Еще на заре «распутинского бенефиса» опасное для будущего России направление развития этой темы предвидел П. А. Столыпин. Позже сменивший его на посту премьера В. Н. Коковцов в беседе с хозяином влиятельной столичной газеты «Новое время» М. А. Сувориным очень точно предсказал, что «газетные статьи с постоянными упоминаниями имени Распутина и слишком прозрачными намеками только делают рекламу этому человеку, но, что всего хуже, играют в руку всем революционным организациям, расшатывая в корне престиж власти монарха, который держится главным образом обаянием окружающего его ореола, и с уничтожением последнего рухнет и самый принцип власти».

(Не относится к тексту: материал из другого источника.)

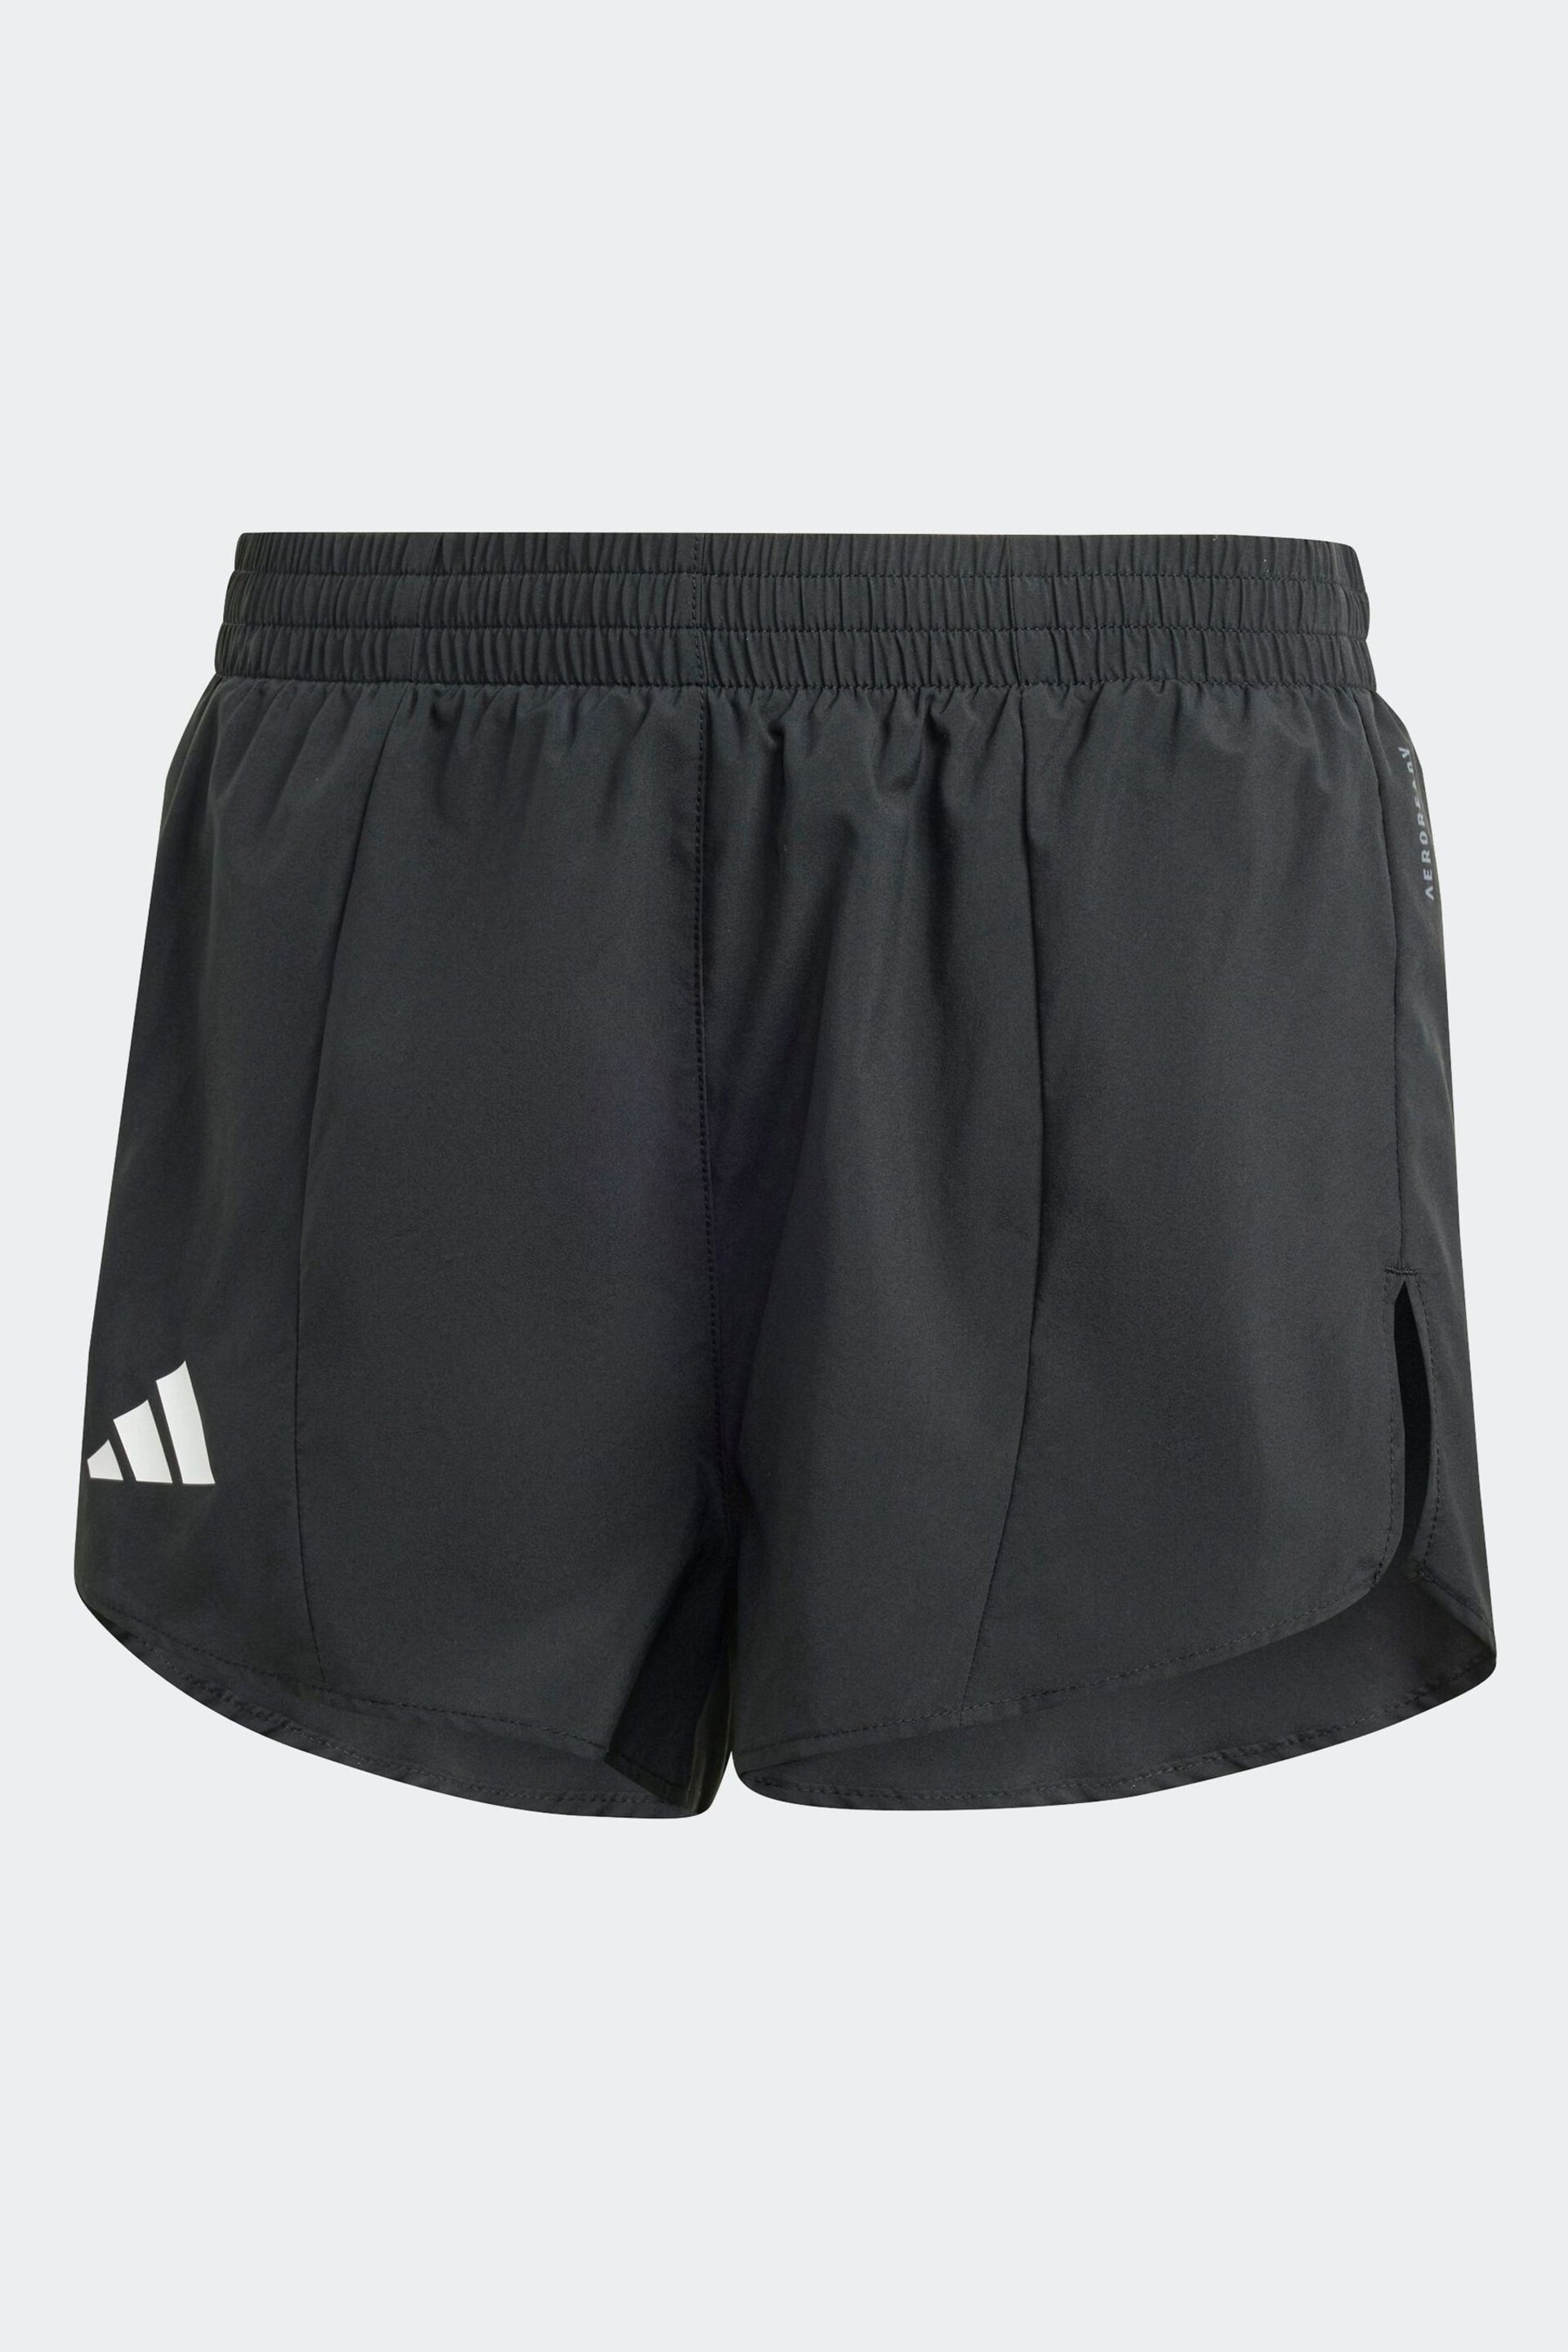 adidas Black Shorts - Image 3 of 3

Невольно поражает, почему такую опасность не осознавали другие, те, которые уверяли всех в своем монархизме, но на деле оказавшиеся в одной упряжке с откровенными противниками режима. К этой группе политических слепцов относились и указанные двое «монархистов»: Гучков и Родзянко.
Александр Иванович Гучков происходил из среды старого московского купечества. По окончании историко-филологического факультета Московского университета много лет работал в системе московского городского управления. В период революции 1905 года становится политической фигурой общероссийского масштаба.